Work item: Copy the final lines exactly, starting at the one that contains "Fern Gully (DE 5692) - Hexadic Color Palette" and ending with the last line of the listing below. Pictures are not part of the copy.

━━━━━ Source data ━━━━━

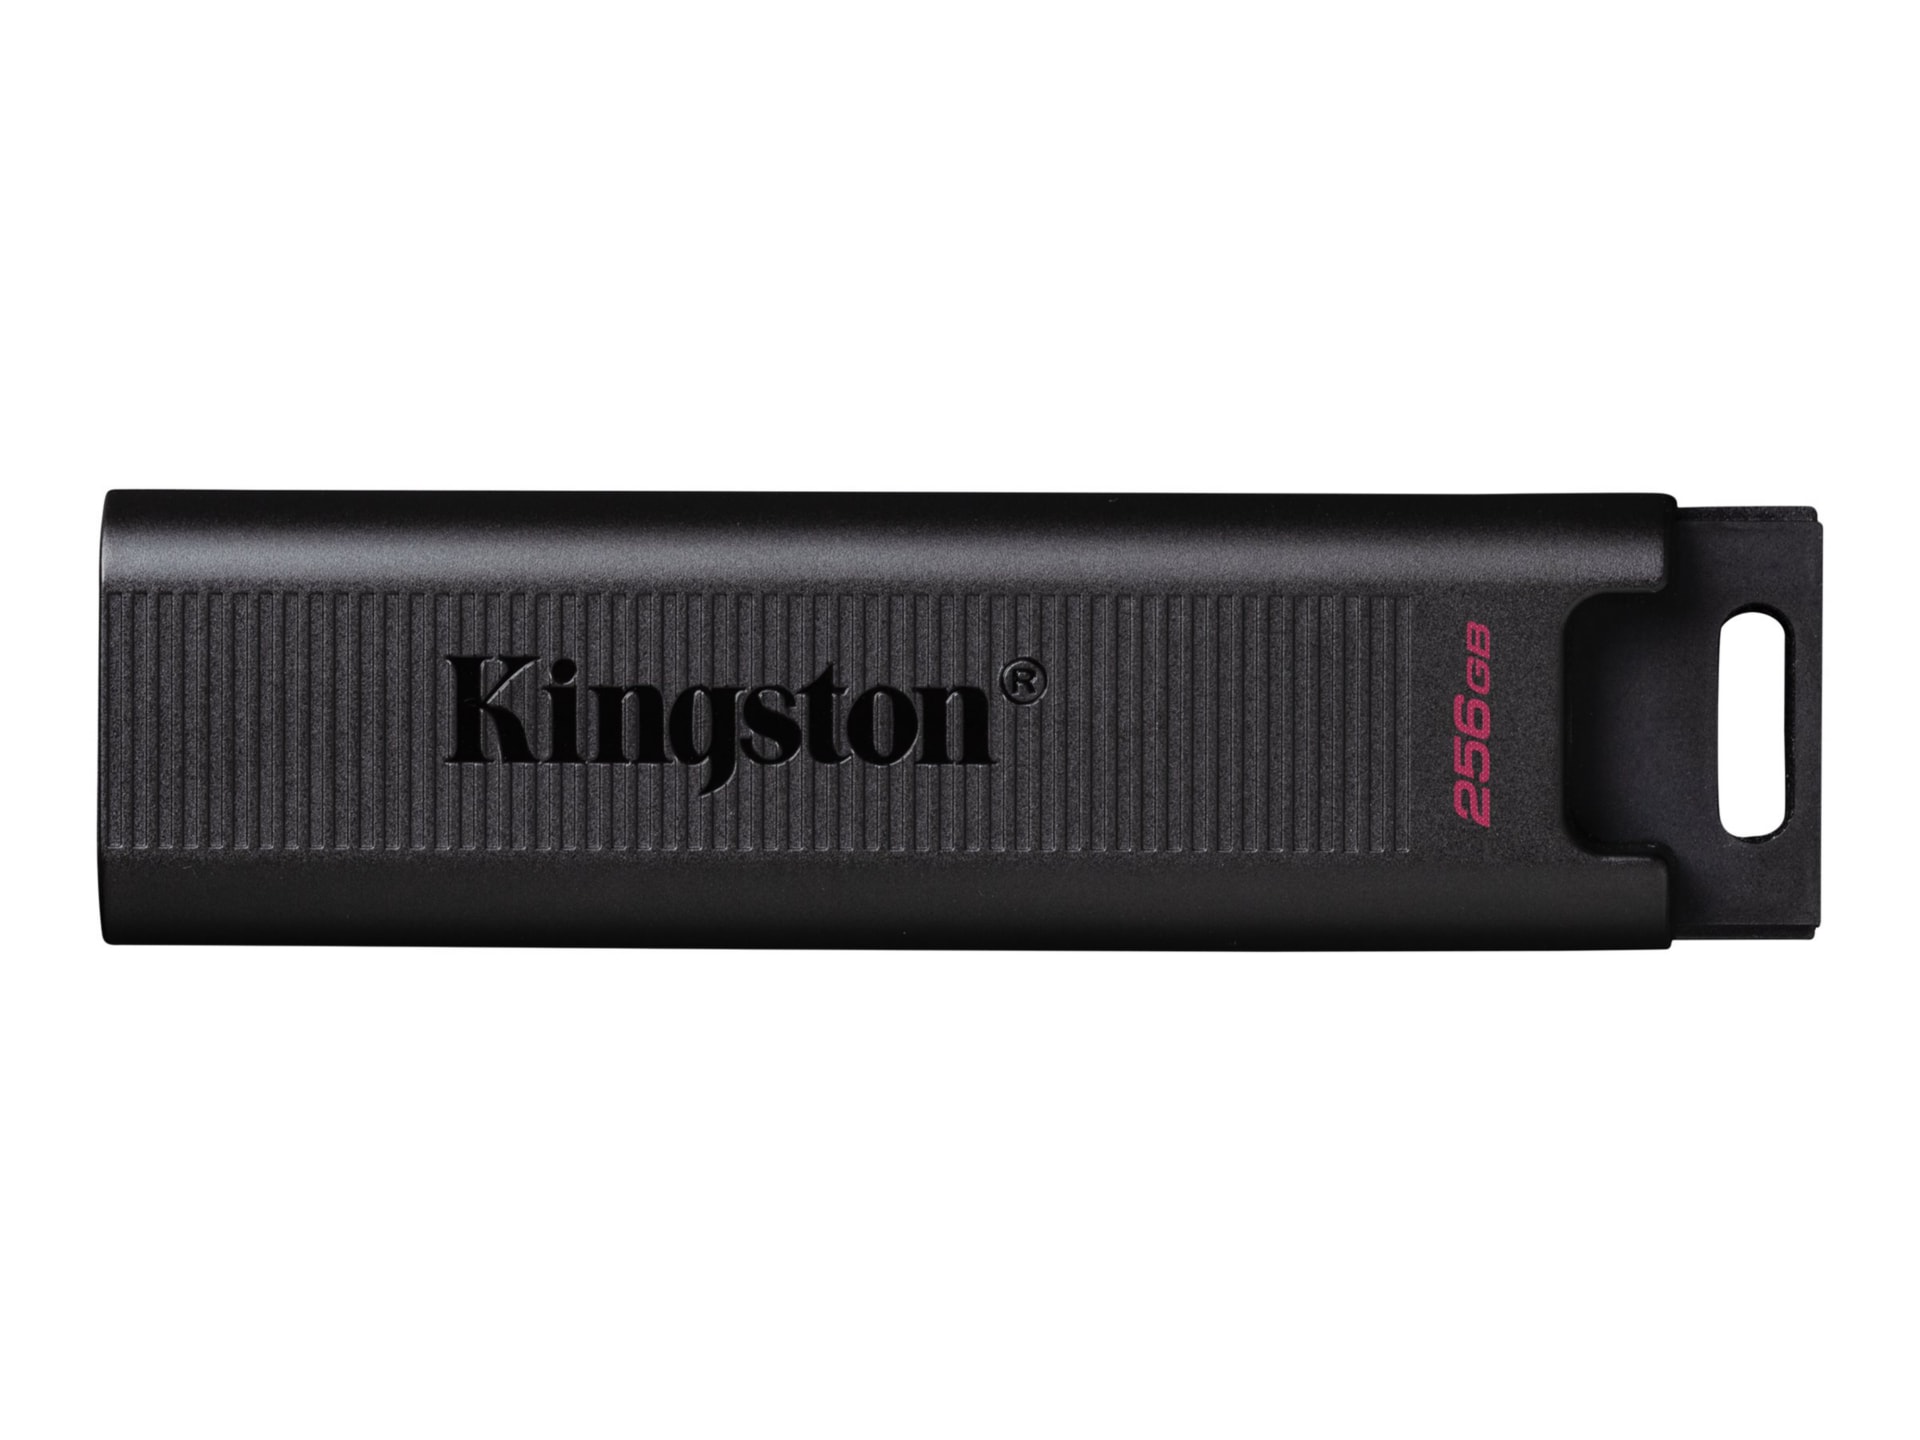 Kingston DataTraveler Max - USB flash drive - 256 GB - DTMAX/256GB - Flash Drives - CDW.com
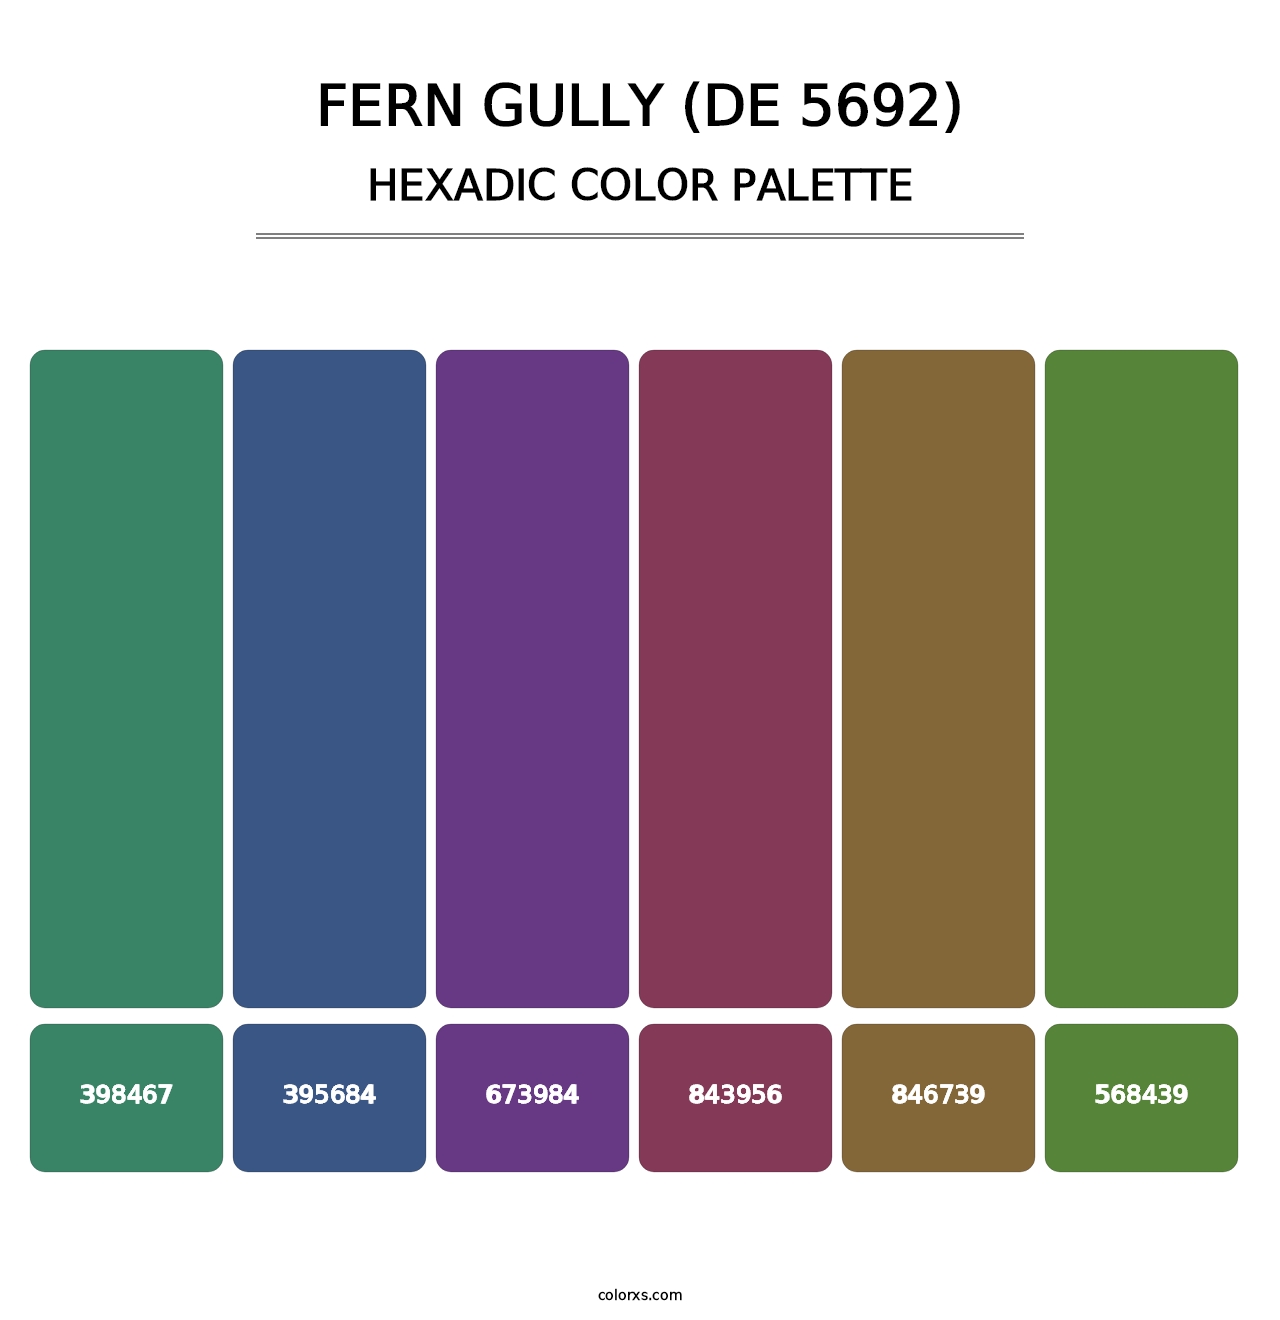 Fern Gully (DE 5692) - Hexadic Color Palette
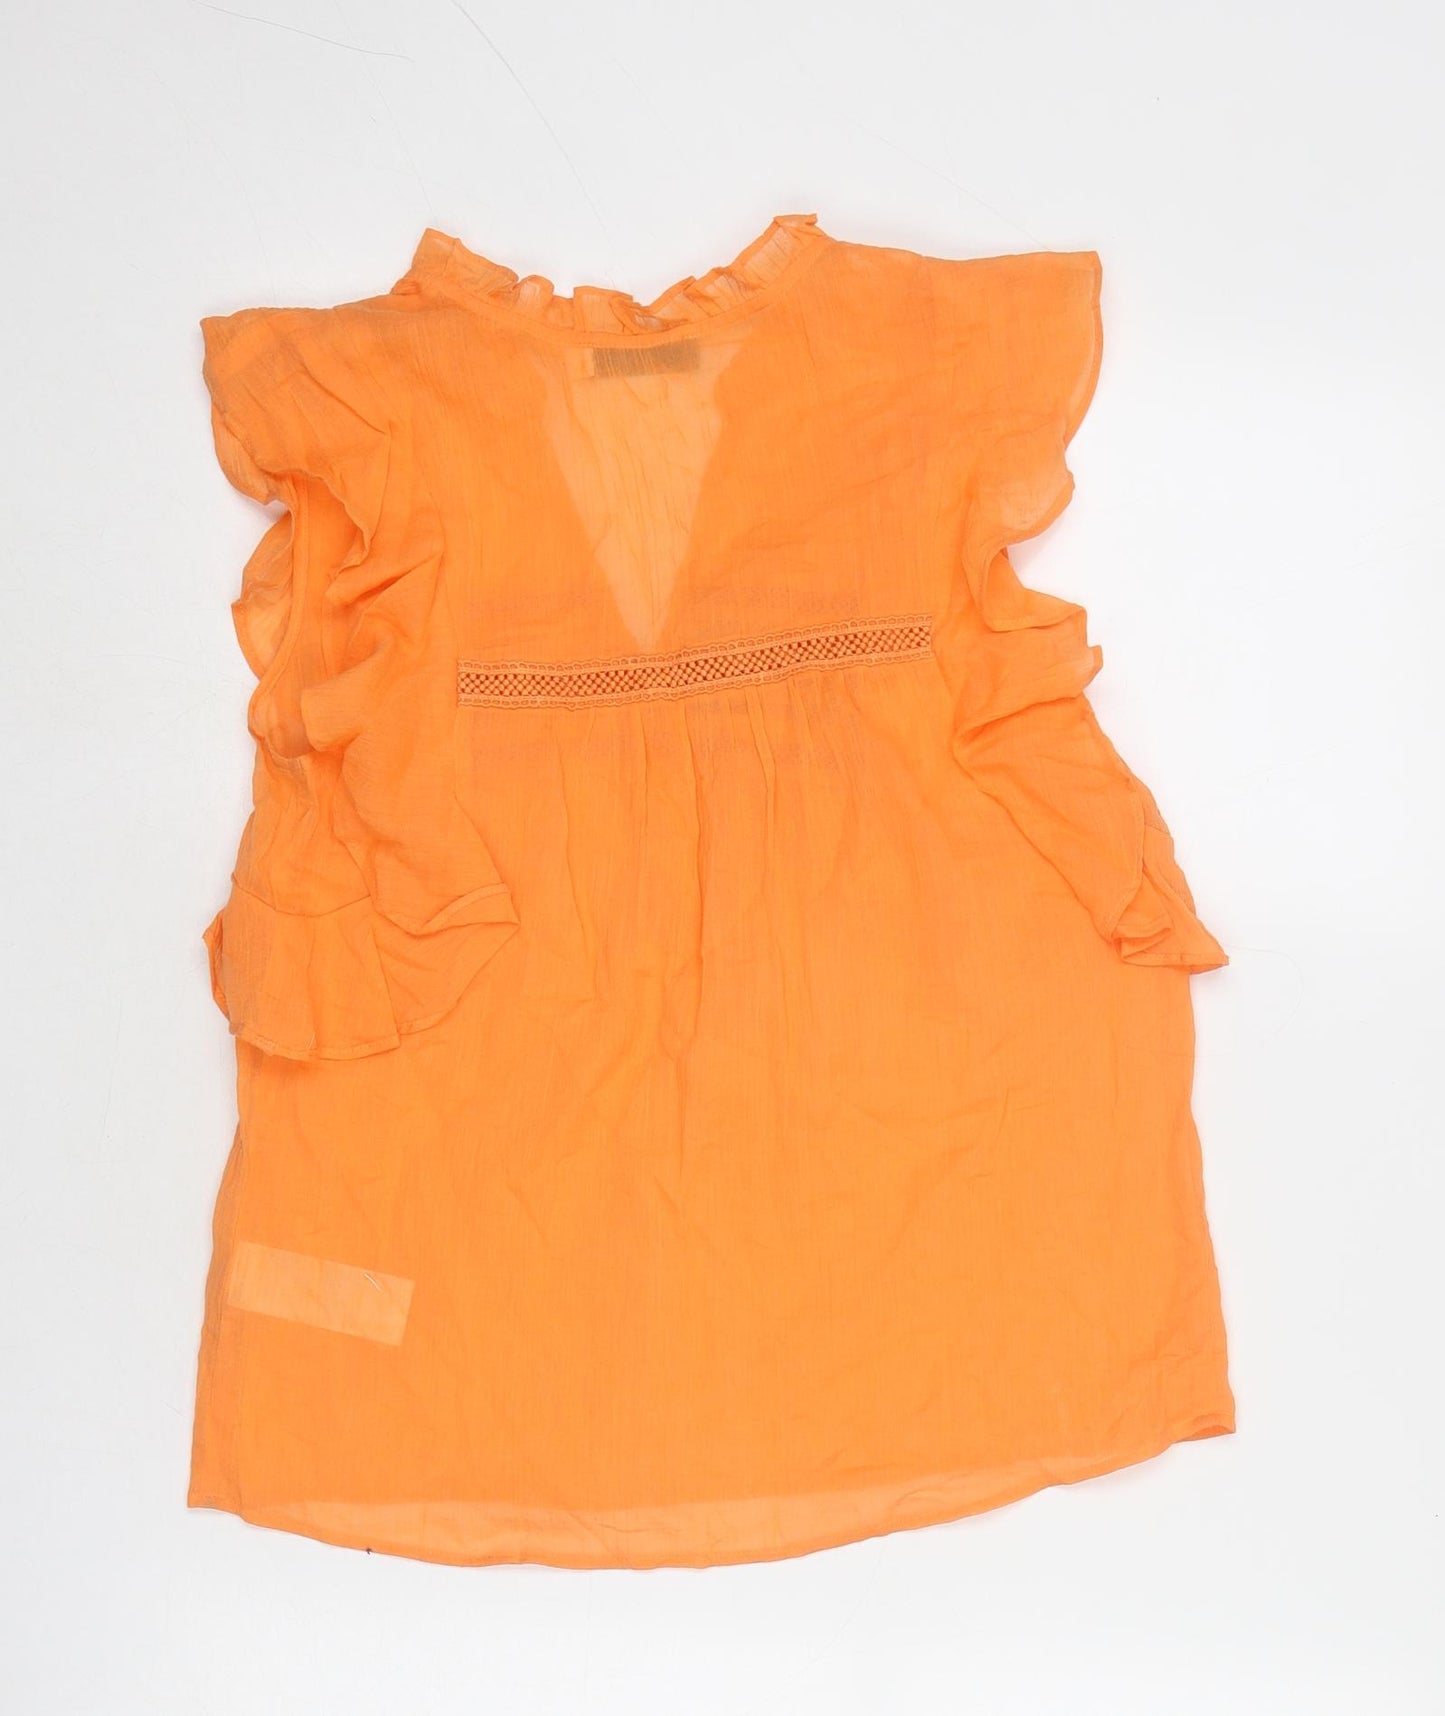 Mint Velvet Womens Orange Cotton Basic Blouse Size 6 V-Neck
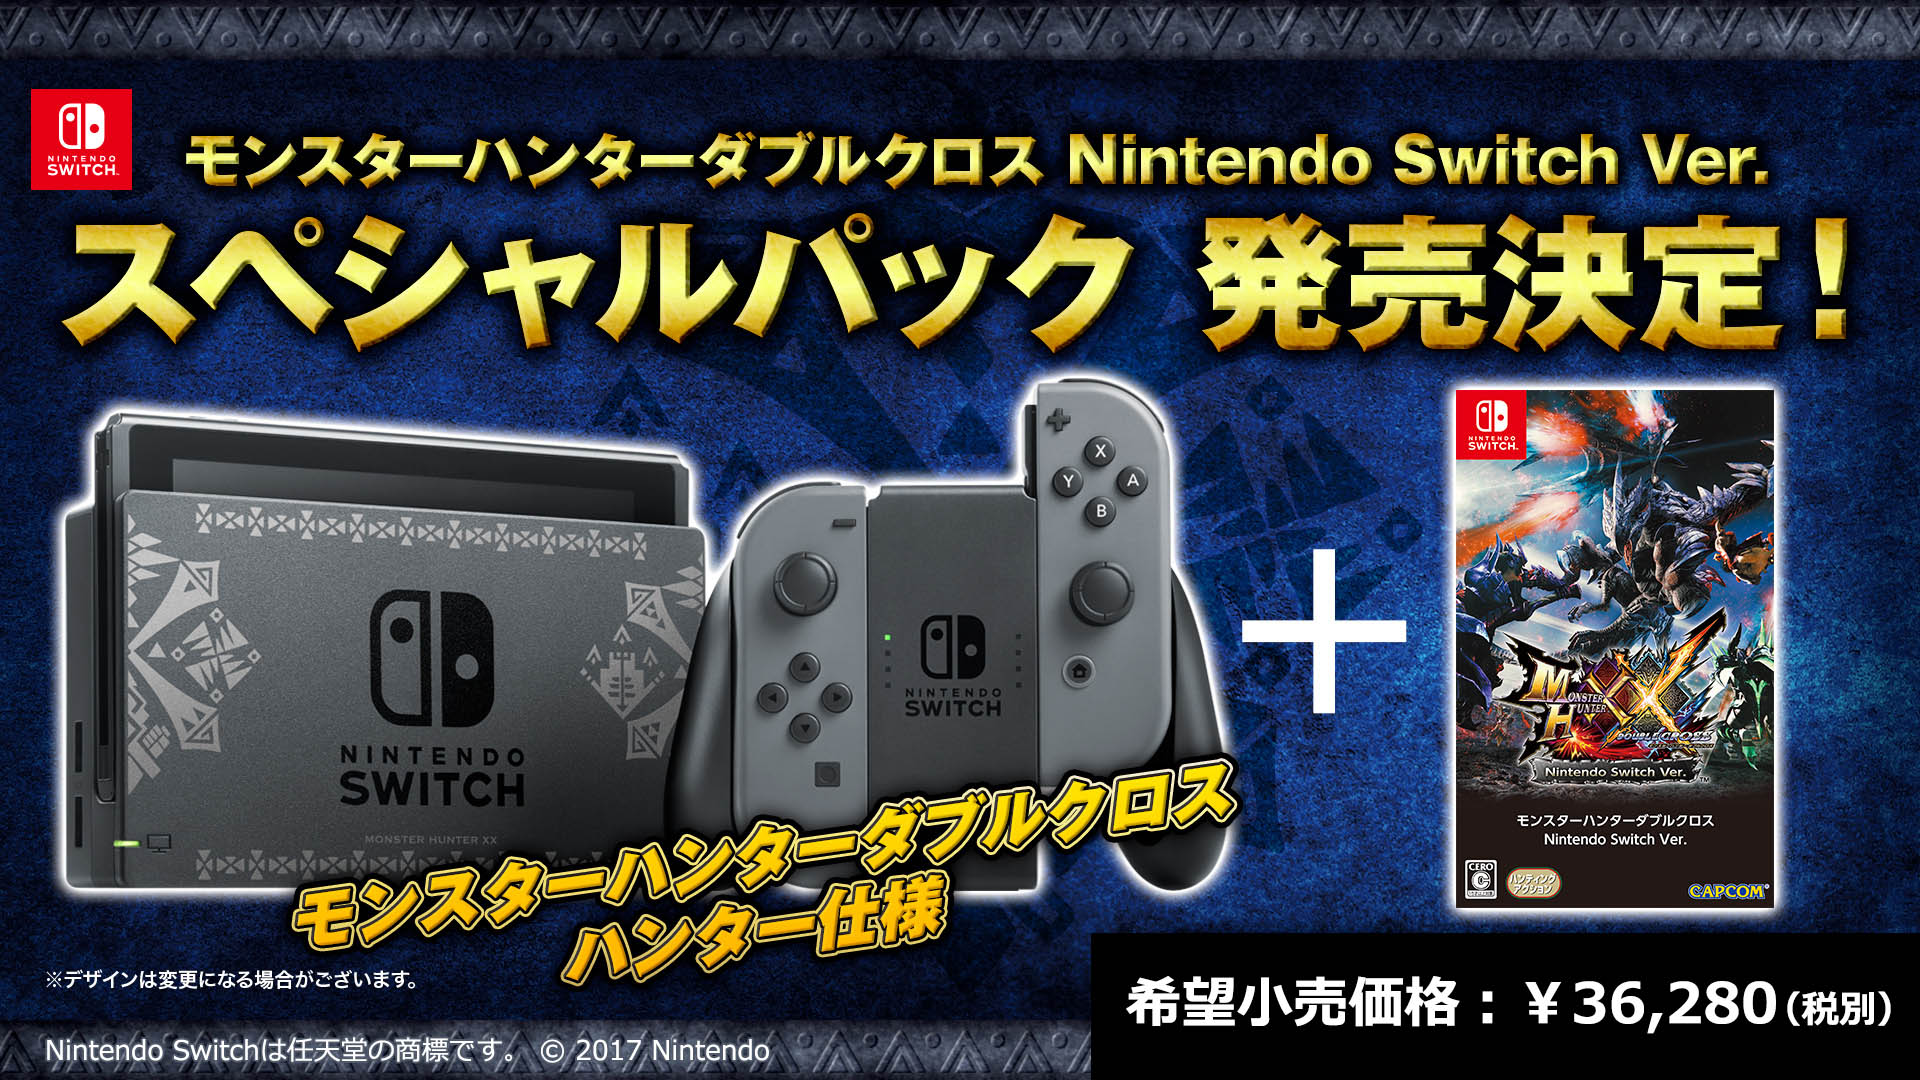 CAPCOM：モンスターハンターダブルクロス Nintendo Switch Ver. 公式サイト

━━━━━

Your response:
 Fern Gully (DE 5692) - Hexadic Color Palette
 Mint Velvet Womens Orange Cotton Basic Blouse Size 6 V-Neck
 CAPCOM：モンスターハンターダブルクロス Nintendo Switch Ver. 公式サイト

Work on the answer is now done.